■ EXERCISE DATA ■

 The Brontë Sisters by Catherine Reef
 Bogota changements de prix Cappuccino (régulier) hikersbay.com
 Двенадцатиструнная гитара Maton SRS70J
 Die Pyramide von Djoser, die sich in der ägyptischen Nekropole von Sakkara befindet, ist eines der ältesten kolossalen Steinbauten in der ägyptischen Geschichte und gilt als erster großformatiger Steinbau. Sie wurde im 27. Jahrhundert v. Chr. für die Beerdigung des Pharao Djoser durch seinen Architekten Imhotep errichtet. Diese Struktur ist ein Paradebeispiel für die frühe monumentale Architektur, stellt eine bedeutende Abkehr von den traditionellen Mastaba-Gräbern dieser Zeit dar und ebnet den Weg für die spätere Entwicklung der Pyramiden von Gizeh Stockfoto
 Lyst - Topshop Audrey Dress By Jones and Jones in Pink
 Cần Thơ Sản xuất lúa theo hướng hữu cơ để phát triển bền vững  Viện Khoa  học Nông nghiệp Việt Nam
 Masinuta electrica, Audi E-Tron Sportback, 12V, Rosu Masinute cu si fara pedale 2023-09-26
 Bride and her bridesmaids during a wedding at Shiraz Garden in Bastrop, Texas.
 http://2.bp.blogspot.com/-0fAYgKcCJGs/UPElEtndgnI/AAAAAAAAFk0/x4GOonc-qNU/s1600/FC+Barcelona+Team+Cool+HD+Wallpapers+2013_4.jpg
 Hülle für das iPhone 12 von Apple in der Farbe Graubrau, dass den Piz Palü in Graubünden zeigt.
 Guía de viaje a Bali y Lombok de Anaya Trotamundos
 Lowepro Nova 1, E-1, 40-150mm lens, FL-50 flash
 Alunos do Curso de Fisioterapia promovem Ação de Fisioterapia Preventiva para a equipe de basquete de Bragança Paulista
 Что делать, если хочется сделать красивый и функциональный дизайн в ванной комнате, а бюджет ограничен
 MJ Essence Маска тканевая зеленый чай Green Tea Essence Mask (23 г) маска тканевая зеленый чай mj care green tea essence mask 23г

■ WORK TO BE COMPLETED ■
Having located the line containing "Lowepro Nova 1, E-1, 40-150mm", set it down along with every line after it through the end of the data, reproducing each exactly.

■ THE COMPLETED TASK ■
 Lowepro Nova 1, E-1, 40-150mm lens, FL-50 flash
 Alunos do Curso de Fisioterapia promovem Ação de Fisioterapia Preventiva para a equipe de basquete de Bragança Paulista
 Что делать, если хочется сделать красивый и функциональный дизайн в ванной комнате, а бюджет ограничен
 MJ Essence Маска тканевая зеленый чай Green Tea Essence Mask (23 г) маска тканевая зеленый чай mj care green tea essence mask 23г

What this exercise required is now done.